In this part of the exercise, we will tackle the same supervised image-to-image translation task but use an alternative approach. Here we will explore a generative modelling approach, specifically a conditional Generative Adversarial Network (cGAN).
The previous regression-based method learns a deterministic mapping from phase contrast to fluorescence. This results in a single virtual staining prediction to the image translation task which often leads to blurry results. Virtual staining is an ill-posed problem; given the phase contrast image, with inherent noise and lack of contrast between the background and the structure of interest, it can be very challenging to virtually stain from the phase contrast image alone. In fact, there is a distribution of possible virtual staining solutions that could come from the phase contrast.
cGANs learn to map from the phase contrast domain to this distirbution of virtual staining solutions. This distribution can then be sampled from to produce virtual staining predictions that are no longer a compromise between possible solutions which can lead to improved sharpness and realism in the generated images.
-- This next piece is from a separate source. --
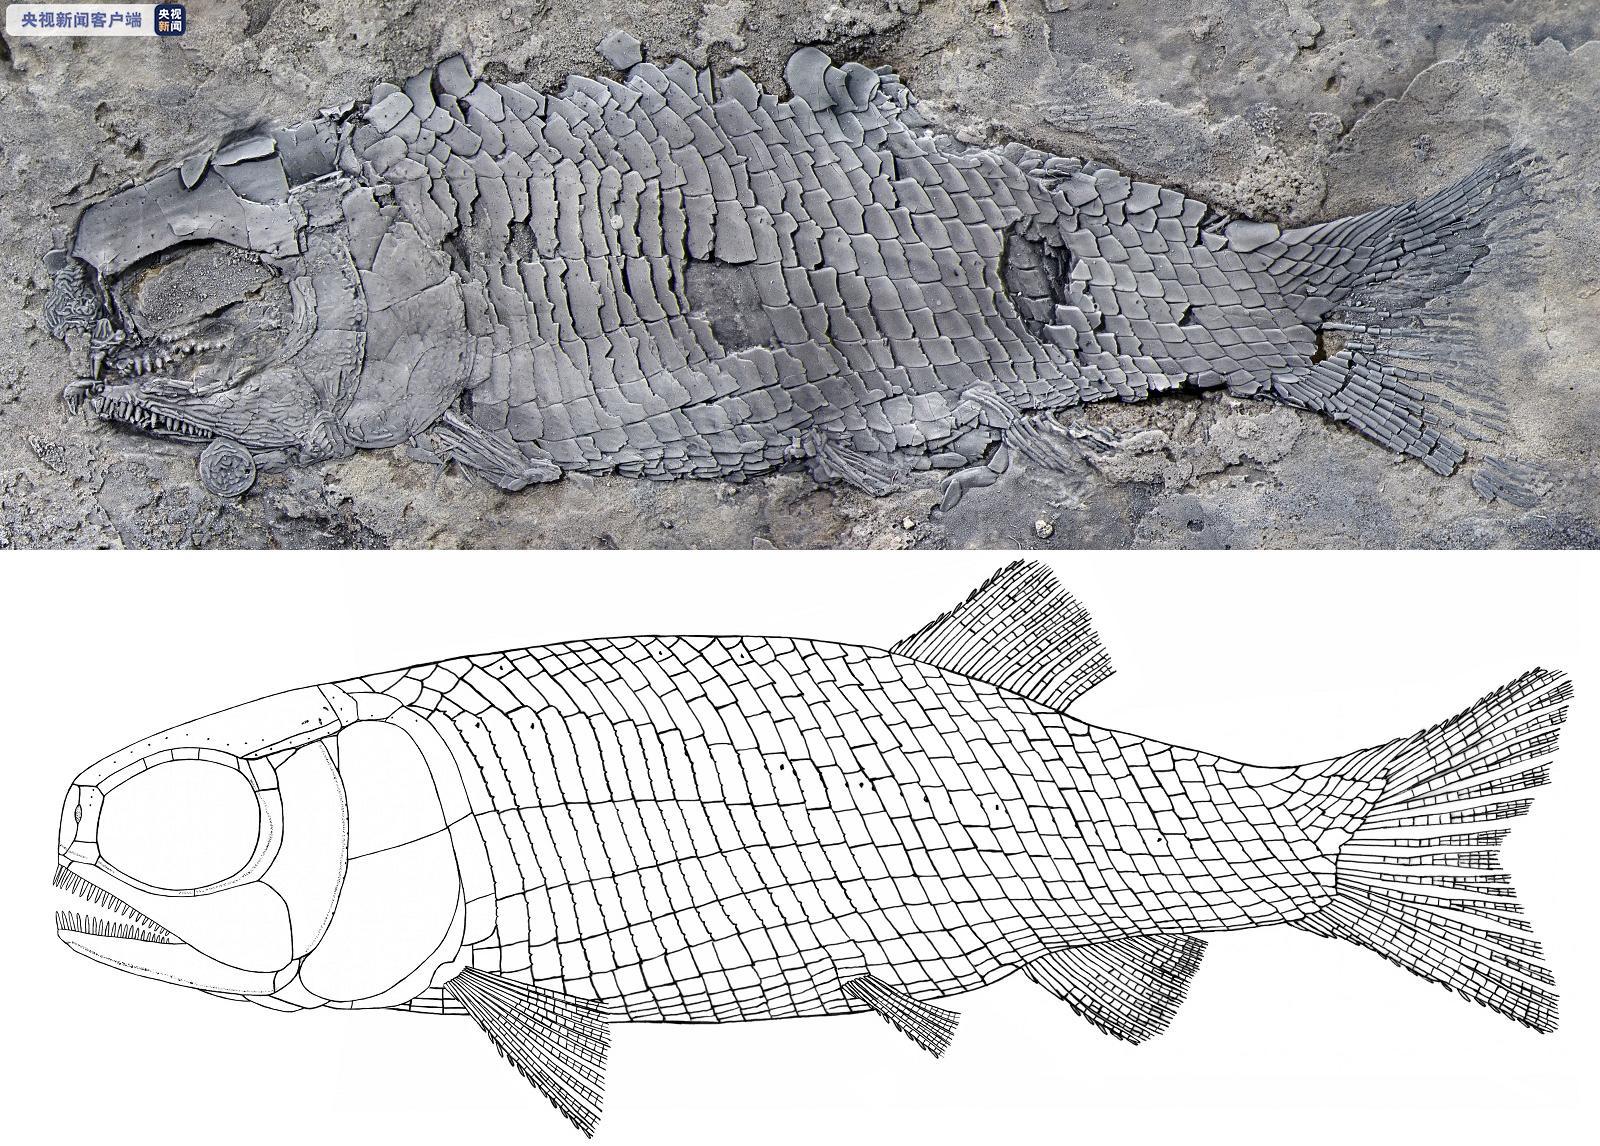 来看看距今约2 44亿年的鱼长啥样 云南发现世界最古老肋鳞裂齿鱼类

Despite these improvements, cGANs can be prown to 'hallucinations' in which the network does not make a compromise when it does not know something (such as a fine-grain detail of the nuclei shape) it instead makes something up that looks very sharp and realistic. These hallucinations can appear very plausible, but in many cases to predict such details from the phase contrast is extremely challenging. This is why determining reliable evaluation criteria for the task at hand is very important when dealing with cGANs .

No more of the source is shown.